Task description → Return the data below in full and exactly, except that the pictures are dropped.

Data extract →
"""

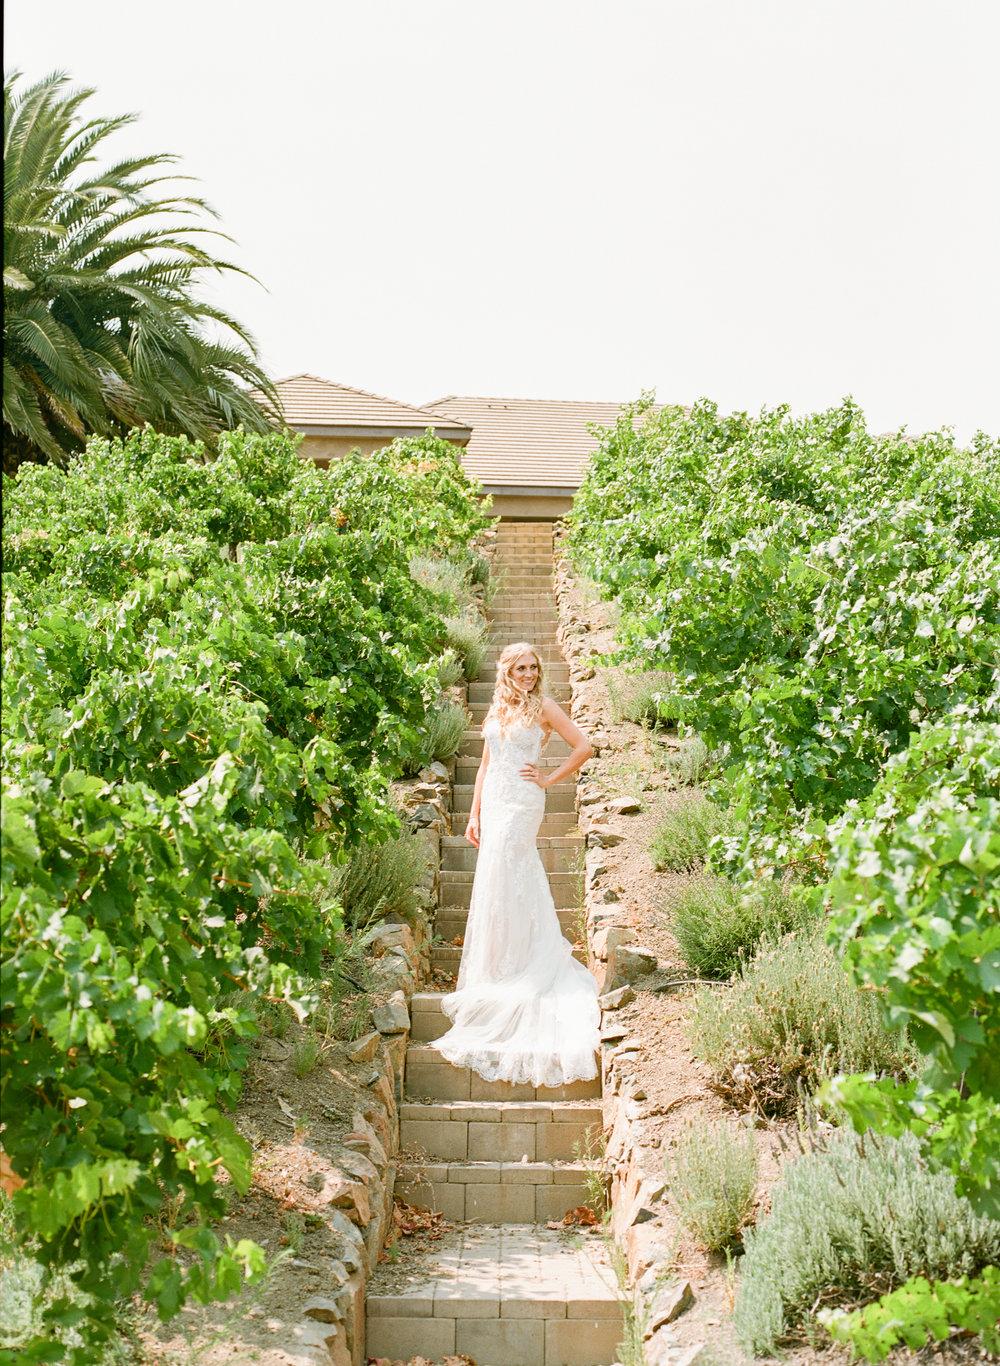 dennisroycoronel_ashleyanthony_vanessahudgens_austinbutler_wedding_losangeles_photographer-96.jpg
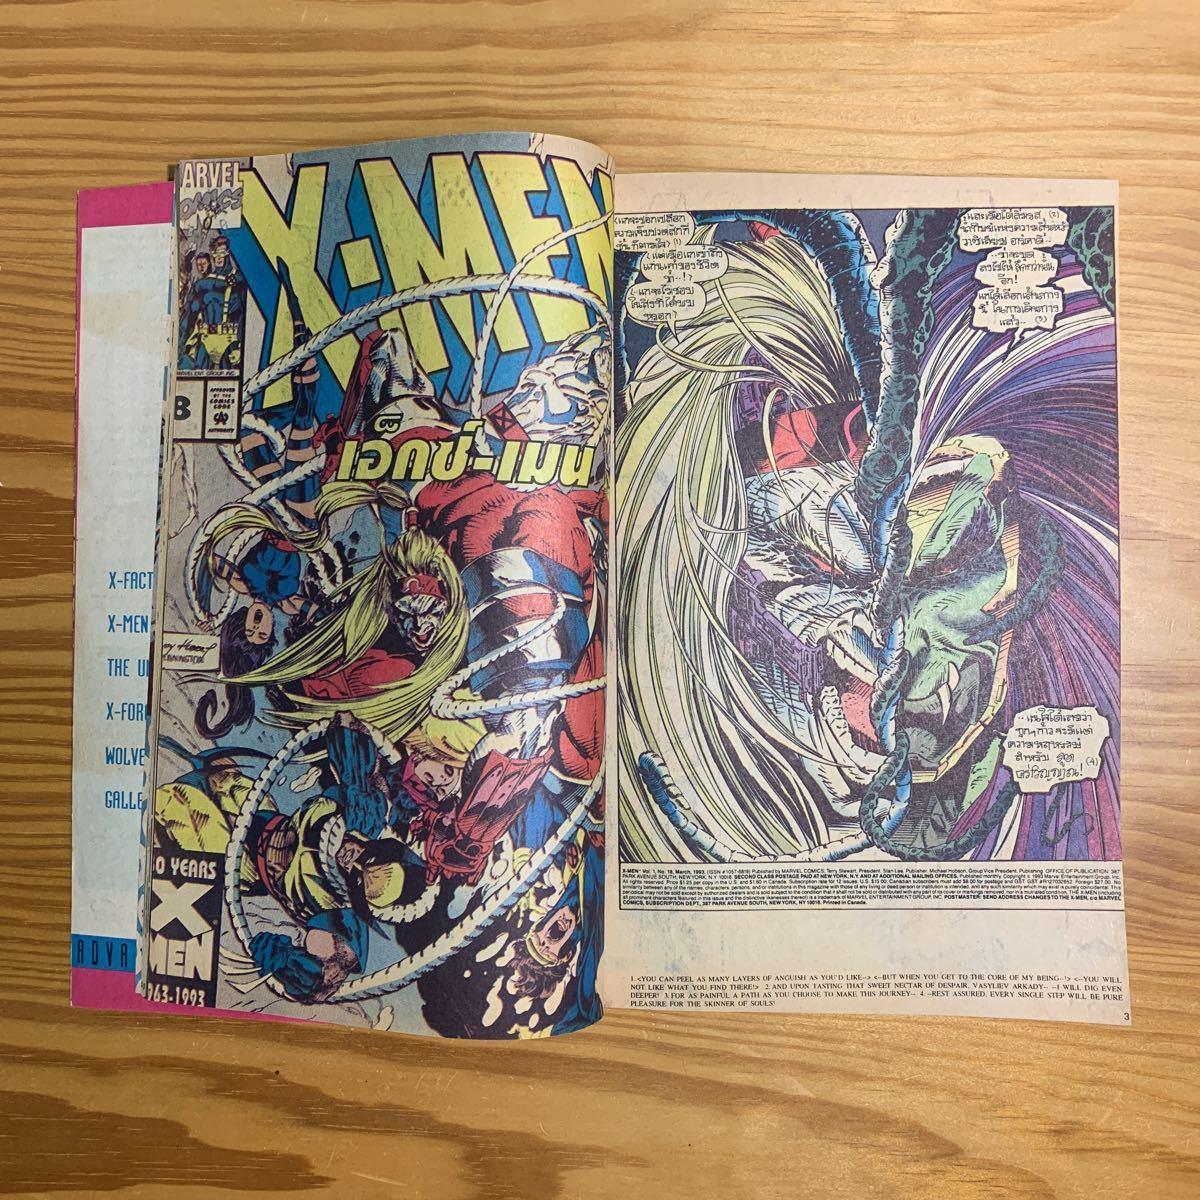 タイ版! レア! X-Men Xメン Wolverine ウルヴァリン X-Factor Marvel Comic マーベル コミック DC アメコミ タイ語 古本 Vintage 90's 希少_画像5
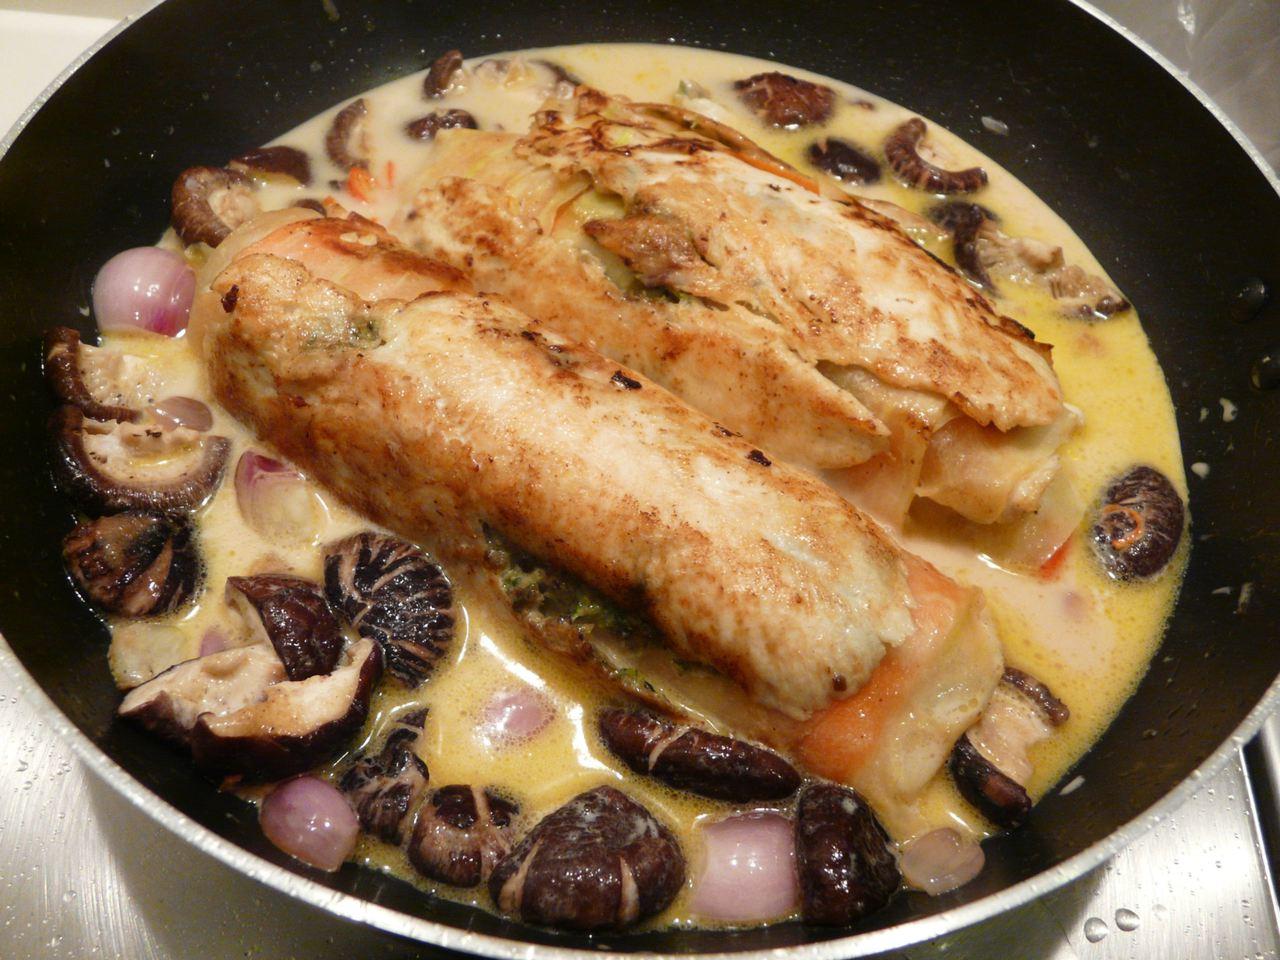 Die Sauce 5 Minuten köcheln mit frischer Chili, gemörserten schwarzen Pfeffer und etwas Austernsauce würzen abschmecken

"""

Solution to this exercise →
 dennisroycoronel_ashleyanthony_vanessahudgens_austinbutler_wedding_losangeles_photographer-96.jpg
 タイ版! レア! X-Men Xメン Wolverine ウルヴァリン X-Factor Marvel Comic マーベル コミック DC アメコミ タイ語 古本 Vintage 90's 希少_画像5
 Die Sauce 5 Minuten köcheln mit frischer Chili, gemörserten schwarzen Pfeffer und etwas Austernsauce würzen abschmecken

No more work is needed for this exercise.